The world is not enough to explain lengthening of phonological competitors
Speakers tend to lengthen words when a phonologically overlapping word has recently been produced. Although there are multiple accounts of why lengthening occurs, all of these accounts generally assume that competition at some point in the production-comprehension process leads to lengthening. In a series of experiments, we investigated what contexts lead to competition and consequent lengthening of target word duration. In two experiments, we manipulated the contexts in which a target word is produced. Speakers produced simple descriptions of animations involving referents that shared initial phonology with another potential referent (e.g., beetle and beaker). We manipulated whether the related referent (i.e. beetle) was named by the speaker themselves, by another person, or was unmentioned, and compared target word durations (i.e. beaker) in these conditions to the condition in which the related word was absent.

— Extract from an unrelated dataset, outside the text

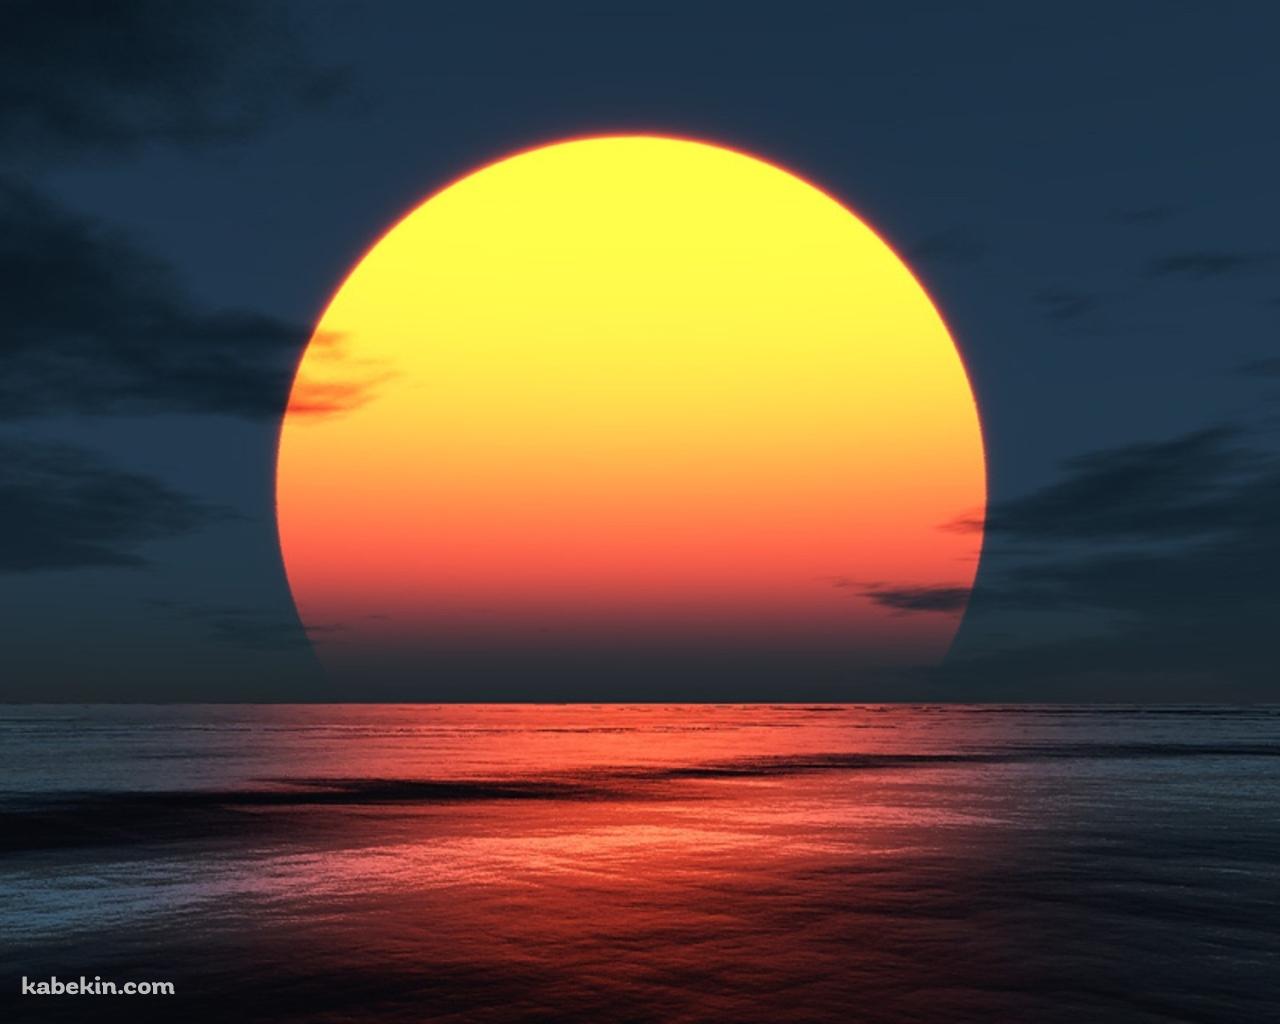 浜辺から見る夕日の壁紙(1280px x 1024px) 高画質 PC・デスクトップ用

In both experiments, we found that lengthening does not occur whenever two referents are in the display that could be confused, even when it is clear that they are confusable. Instead, speakers only lengthened target words when the speaker or another person had named the phonologically related word out loud. In a third experiment, we manipulated whether a previously mentioned referent was relevant to the present event. We found that speakers lengthened phonologically related words even when a referent was no longer relevant to the current event. We discuss the implications of these findings for existing and new theories of language production.
Paper: https://www.sciencedirect.com/science/article/pii/S0749596X19300981
Oriana Kilbourn-Ceron will present on on-going research (11.30am-12pm): “Word final consonant variation is triggered by variation in the speech planning window”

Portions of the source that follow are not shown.